"Le nom « Donald Crowhurst » vous rappelle-t-il quelque chose ? Il participa à la Golden Globe Race en 1969, une régate autour du monde en solitaire. Alors qu'il se trouvait en position de vainqueur potentiel, il cessa soudain de donner de ses nouvelles. Lorsqu'on repéra son trimaran, il avait disparu. On retrouva son journal de bord qui permit de comprendre qu'au lieu de chercher à faire le tour du globe, il était resté de longs mois embusqué dans l'Atlantique Sud, communiquant jour après jour des positions fictives, attendant que les autres navigateurs y refassent apparition à l'issue de leur circumnavigation. Il se serait semble-t-il satisfait de finir en dernière position. Le hasard n’en voulut pas ainsi : la dureté de la course fit qu’il se retrouva finalement seul en position de l'emporter. Il se mit alors à errer au milieu de l'Atlantique, son journal révélant une raison de plus en plus chancelante, consignant en particulier une théorie relative à la condition humaine qui lui aurait épargné l'abominable dilemme qui était le sien : vainqueur par tricherie ou tricheur démasqué. Son système échoua cependant à le convaincre lui-même puisqu'il s’ôta la vie.
Ce qui me fait penser à Crowhurst, c’est bien entendu l’affaire Bernard Madoff. Comme vous avez pu le voir hier, je me le suis d'abord représenté en Machiavel : un homme convaincu que la « cavalerie » est le meilleur business plan qui soit au monde et développant froidement une stratégie fondée sur ce principe. Or, les informations diffusées aujourd'hui quant aux justificatifs détaillés qu’il procurait à ses clients me font maintenant penser à tout autre chose : à une tragédie à la Crowhurst.
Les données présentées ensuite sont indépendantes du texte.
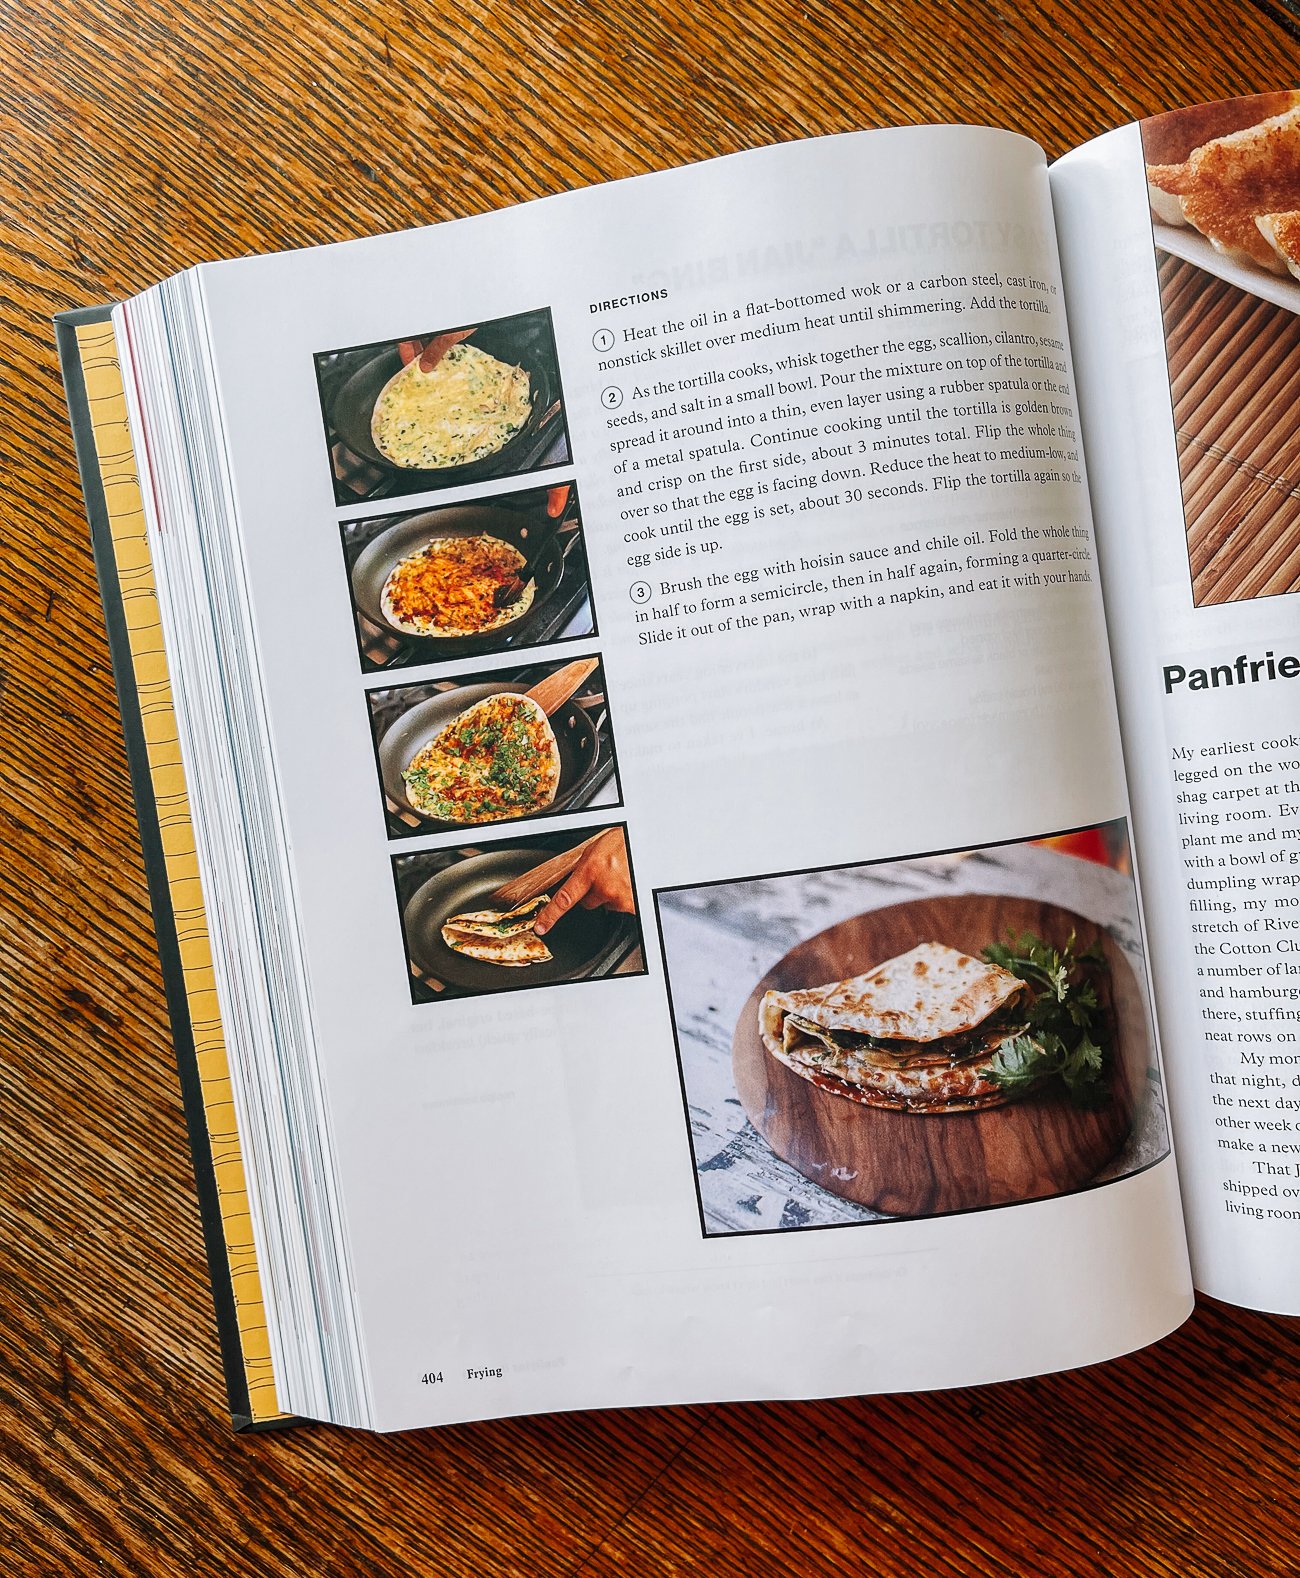 tortilla jian bing recipe in The Wok cookbook

Parce que ces relevés, mentionnant parfois des dizaines d’opérations au cours d’un seul mois, présentent de manière précise la stratégie complexe qu'il affirmait mettre en oeuvre pour le bénéfice de ses clients : l'utilisation de « collars », un montage particulier d’options, associée à un portefeuille dynamique d’actions, qui permet en effet d'engranger des gains réguliers dans une bourse portée par une hausse constante et paisible. Seulement voilà : pas à l'échelle qui était devenue la sienne, pas à l'échelle des milliards de dollars qu’il brassait en réalité.
La supercherie résulte du fait que si la stratégie qu'il prétendait utiliser a dû fonctionner selon ses voeux pour ses premiers clients, elle a dû atteindre rapidement sa limite en volume dans le cadre que le marché autorisait : plus et le prix des actions se serait retrouvé balloté de manière incontrôlable en raison de ses transactions. Alors, plutôt que de refuser de nouveaux clients, il a dû se mettre à feindre, jusqu'à basculer dans une simple « cavalerie » : prétendant continuer de la même manière qu'avant mais se contentant en réalité de payer les plus anciens participants avec les apports en fonds de ses plus récentes recrues.
Si mon hypothèse est exacte, son histoire est celle d’un homme qui s'imagine d’abord un géant parce que son plan complexe, digne d'un génie (celui que les relevés communiqués à ses clients persista de présenter) semble réussir mais qui, quand il découvre que ce plan est limité par la taille, ne s'y résigne pas par orgueil, par hybris. Il s’autorise sans doute d'abord quelques libertés avec ses principes - tactiques « de complément » que Michael Ocrant qui le questionne avec perspicacité en 2001 semble avoir très bien devinées - pour maintenir la fiction, puis succombe : il se met alors à tricher et se retrouve non plus un géant à ses propres yeux mais un nain. Enfin bien des années plus tard, pareil à Raskolnikov dans Crime et Châtiment, il n'en peut plus : il révèle sa turpitude.
Car ne l'oublions pas, Madoff n’a pas été démasqué : il a avoué à ses fils, et ce sont eux qui l'ont livré à la police. Comme dans le cas de Crowhurst : ce n'est pas la justice des hommes qui l'a rattrapé mais sa propre conscience. Le drame humain n’est pas celui de ceux qui ont cru en Madoff : c'est celui de la manière outrancière dont il a cru en lui-même."